Can I write `foldr` (or `foldMap`) in terms of 'recursion schemes' `cata`?


I recently read about recursion schemes where catamorphisms are described as analogous to generalized foldr.

Is is possible to write an instance of Foldable (via either foldr or foldMap) in terms of cata in all cases?


Solution

  • You often can, but not universally. All it takes is a single counter-example. Several exist, but consider the simplest one that comes to (my) mind.
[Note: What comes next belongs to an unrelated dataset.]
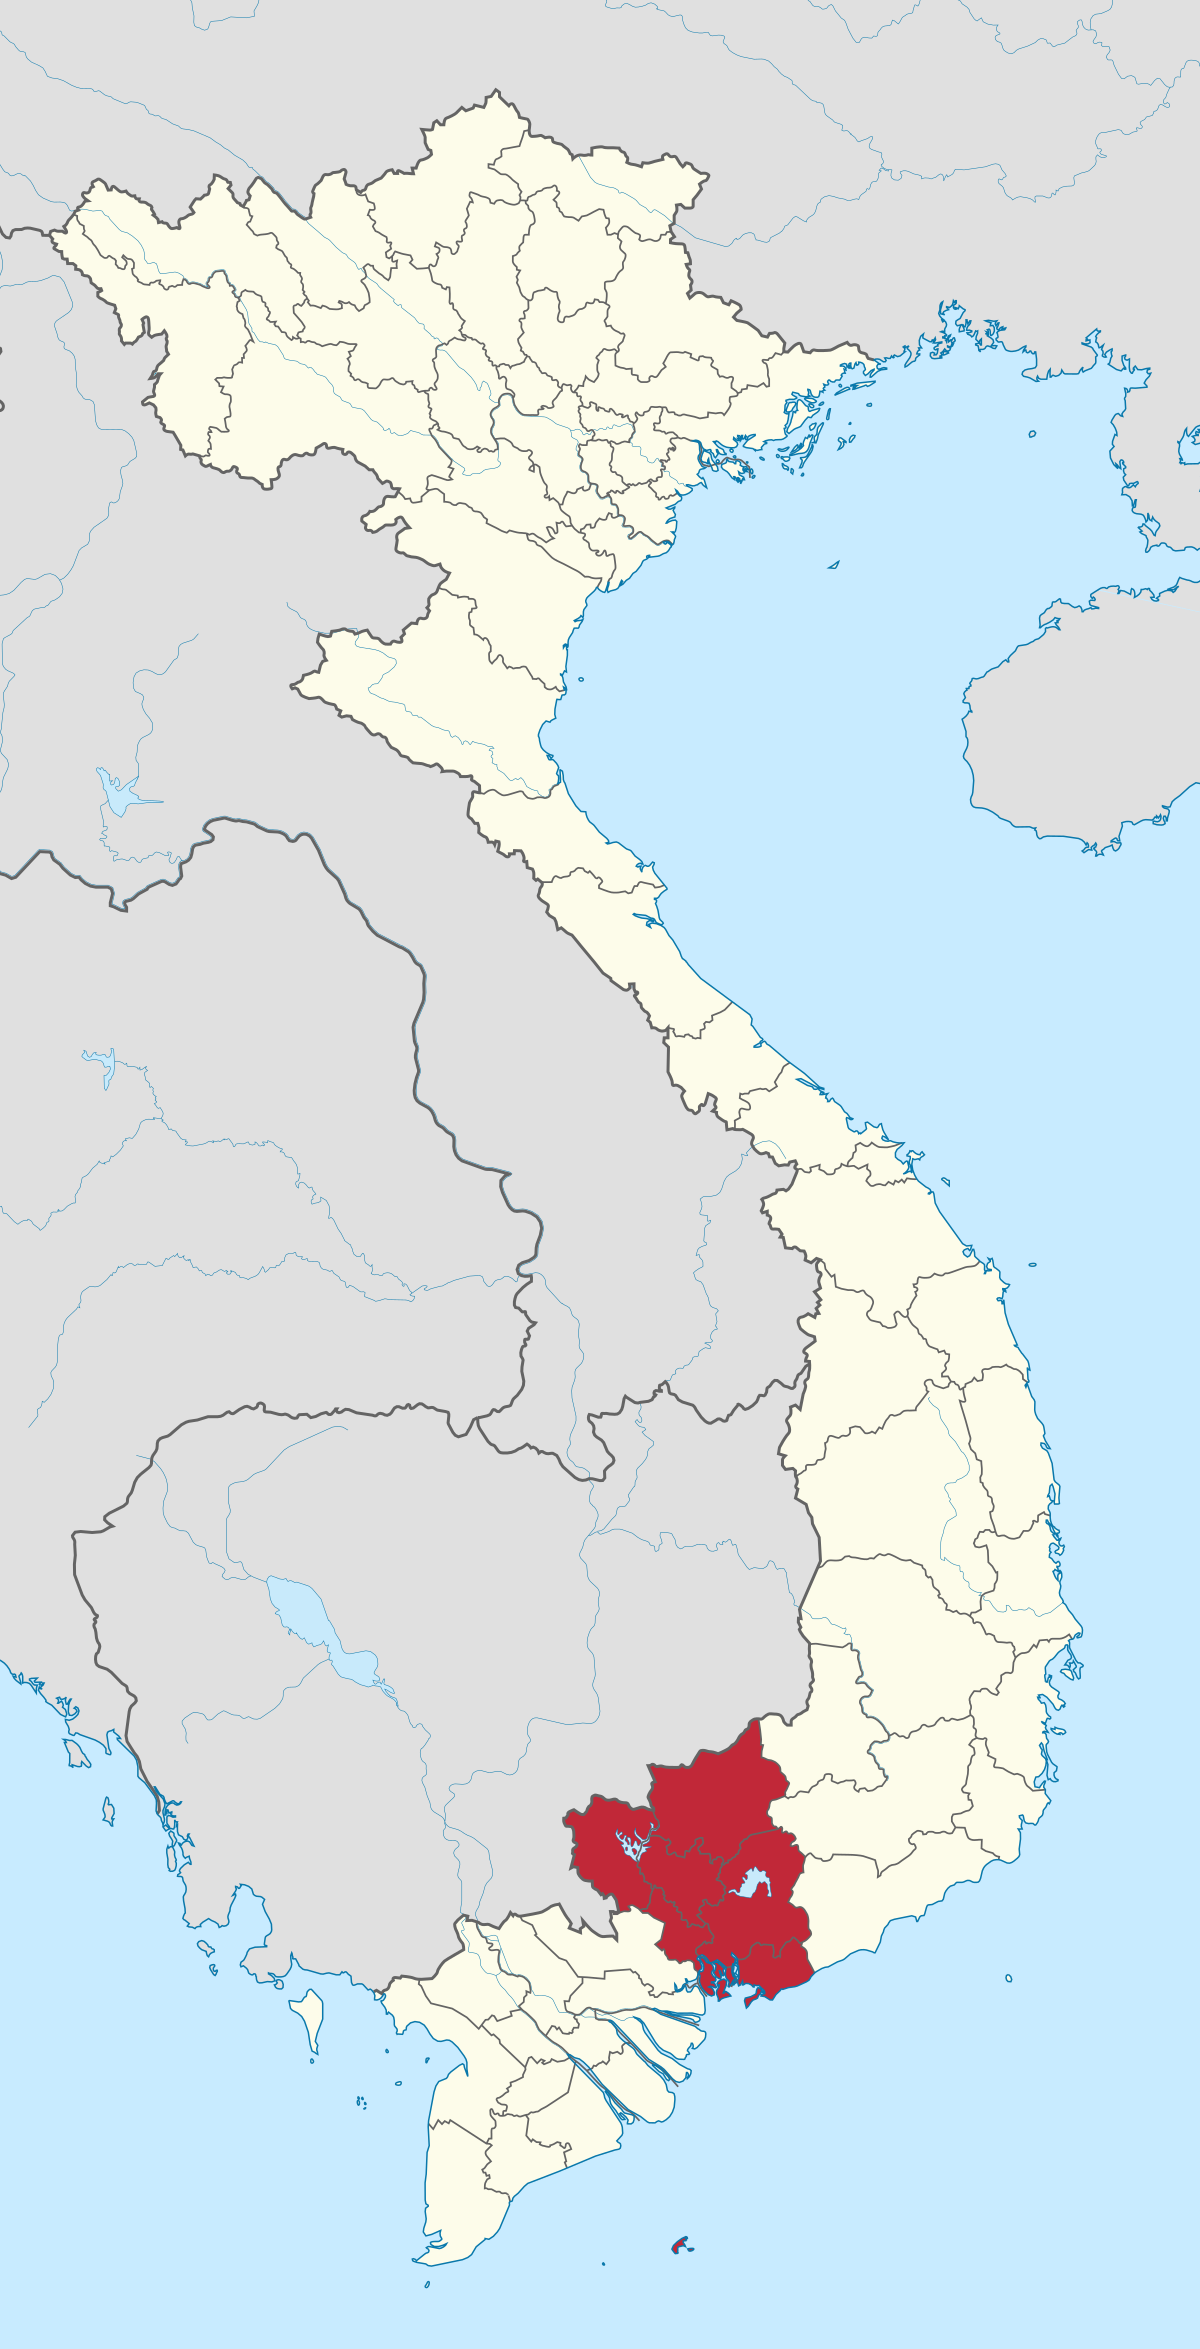 Bình Thuận có địa lý độc đáo, nằm giữa vùng Tân Sơn Nhất và sân bay Cam Ranh. Với bờ biển dài và những đồi cát nổi tiếng, đây là điểm đến không thể bỏ qua trong hành trình khám phá miền Trung Việt Nam.

    While completely unnecessary, you can define Boolean values with an F-algebra:

    data BoolF a = TrueF | FalseF deriving (Show, Eq, Read) 
    
    instance Functor BoolF where      
      fmap _  TrueF =  TrueF
      fmap _ FalseF = FalseF
    

    From this (as the linked article explains) you can derive the catamorphism:

    boolF :: a -> a -> Fix BoolF -> a
    boolF x y = cata alg
      where alg TrueF = x
            alg FalseF = y
    

    The type Fix BoolF is isomorphic to Bool, which isn't parametrically polymorphic (i.e. it doesn't have a type parameter), yet a catamorphism exists.

    The Foldable type class, on the other hand, is defined for a parametrically polymorphic container t, e.g.

    foldr :: (a -> b -> b) -> b -> t a -> b
    

    Since Bool isn't parametrically polymorphic, it can't be Foldable, yet a catamorphism exists. The same is true for Peano numbers.


    For parametrically polymorphic types, on the other hand, you often (perhaps always?) can. Here's a Foldable instance for a tree defined with its catamorphism:

    instance Foldable TreeFix where
      foldMap f = treeF (\x xs -> f x <> fold xs)
    

    Here's one for Maybe:

    instance Foldable MaybeFix where
      foldMap = maybeF mempty
    

    and one for linked lists:

    instance Foldable ListFix where
      foldr = listF